- The Washington Times - Tuesday, June 19, 2001

A federal judges ruling that "soft money" contributions to political parties are a constitutional right demolished the underpinnings of the McCain-Feingold campaign finance bill, key Republicans said yesterday.
They called the decision a "harbinger" of what the Supreme Court would do if the McCain bill became law.
"This is a tremendous victory for our democracy," Sen. Mitch McConnell, Kentucky Republican, told The Washington Times. "McCain-Feingold is a ticking constitutional time bomb. If enacted, it would blow up the minute it landed in court."
Mr. McConnell repeated his pledge to "be the lead plaintiff lighting the fuse."
Republican National Committee Chairman James S. Gilmore III called the decision "a flashing red light that says limits on free speech, through campaign finance laws or otherwise, are unconstitutional."
When asked for comment by The Washington Times yesterday, backers of a regulation bill sponsored by Sen. John McCain, Arizona Republican, and Sen. Russell D. Feingold, Wisconsin Democrat, seemed unaware of Fridays ruling in an Alaska case.
In that decision — which went largely unreported in the press outside Alaska — U.S. District Judge James Singleton struck down a part of the states 1997 campaign contributions law that blocked businesses and labor unions from donating money to political parties.
The judge let stand the state laws ban on business and union contributions to individual candidates.
Some regulation proponents were cautious in assessing the significance of the Alaska decision on the sweeping new federal prohibitions sought by Mr. McCain and others.
"Well be examining this ruling," said McCain spokeswoman Nancy Ives. "But the vast majority of constitutional experts agree that we can ban soft money."
Rep. Christopher Shays, Connecticut Republican and co-sponsor of the House version of McCain-Feingold, said that neither he nor his staff had received word of the decision.
"Its not uncommon for a federal district judge to be overturned [by a higher court], and I would think in this case he would be overturned," Mr. Shays said. "There are a number of cases that have affirmed the kind of ban this judge ruled against."
Regulation opponents, by contrast, were more confident about the decisions impact.

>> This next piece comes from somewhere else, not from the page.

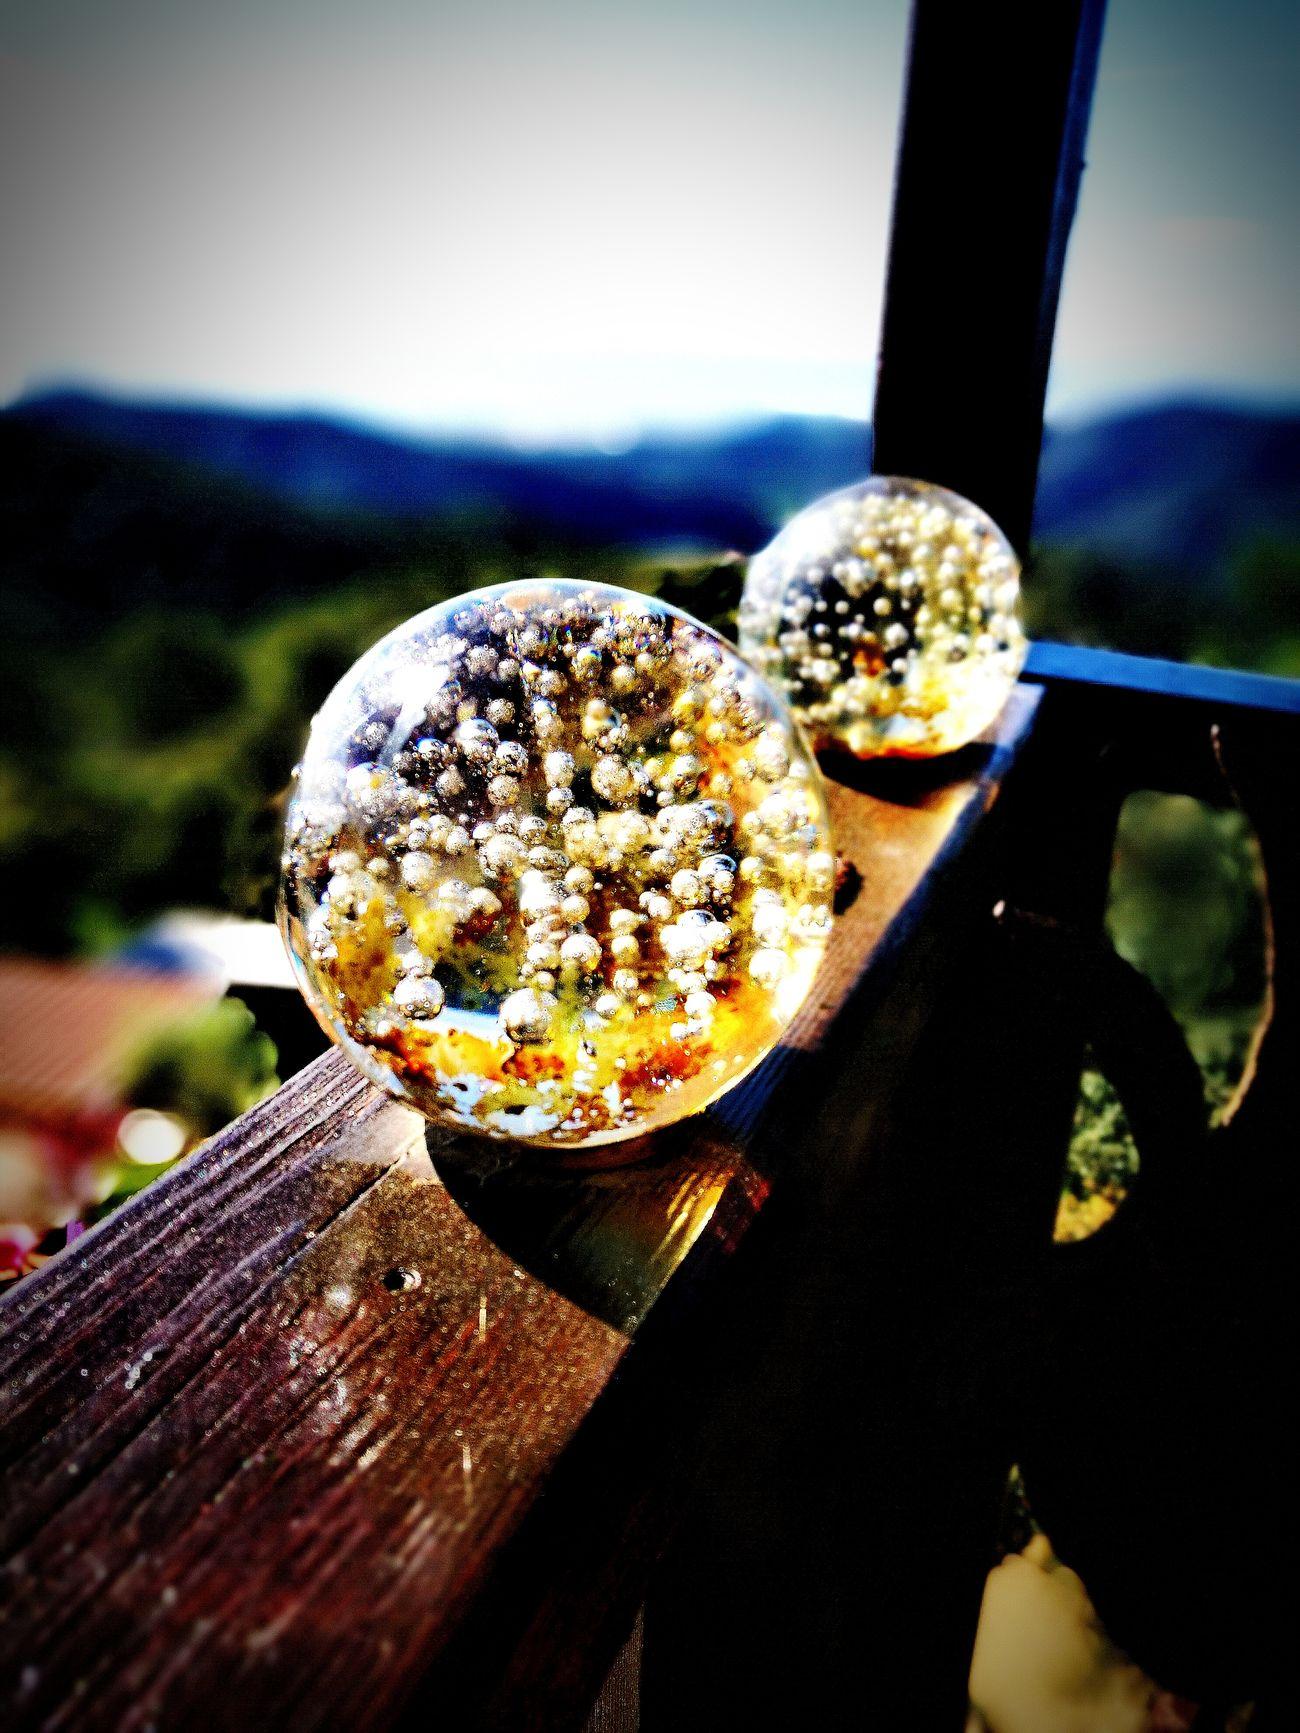 Bolas De Cristal Glass Objects  Glass Art Nature Decoracion Balcones Con Encanto

"This decision reaffirms that the campaign finance regulators legislation has a terrible track record with the federal judiciary," Michael Toner, the Republican National Committees chief legal counsel, told The Washington Times.
The Supreme Court ruled in 1996 that federal limits on political parties expenditures made to help individual federal candidates violate the First Amendment when that spending is not coordinated with a candidates campaign.
Mr. Toner said Fridays ruling "could be a real harbinger of how the Supreme Court would view McCain-Feingold if it ever became law."
In his ruling, Judge Singleton said that restricting "donations to political parties for purposes unrelated to nominating or electing candidates [including] issue advocacy and voter registration … significantly interferes with the protected rights of speech and association."
Most Democrats publicly support the McCain-Feingold restrictions on contributions and political advertising in federal elections, but most Republicans oppose the legislation.
In what could be another challenge to campaign regulators who have passed campaign finance legislation in the Senate this year, Rep. Bob Ney, Ohio Republican, is formulating an alternative bill that has support from some Democrats, including the Congressional Black Caucus.
Both friends and foes of campaign finance reform are awaiting a U.S. Supreme Court decision expected next week in a Colorado case that could be a fatal blow to the constitutionality of McCain-Feingold.
In the Colorado case, the high court will decide if the First Amendment is violated by a limit on how much hard money a political party spends in coordination with its candidates, said election-laws lawyer Cleta Mitchell.
"The Alaska decision and the Colorado case are two pieces of McCain-Feingold," she said. "Alaska dealt with the soft-money ban similar to McCain-Feingolds. The Colorado case involves hard dollars contributed to a candidate."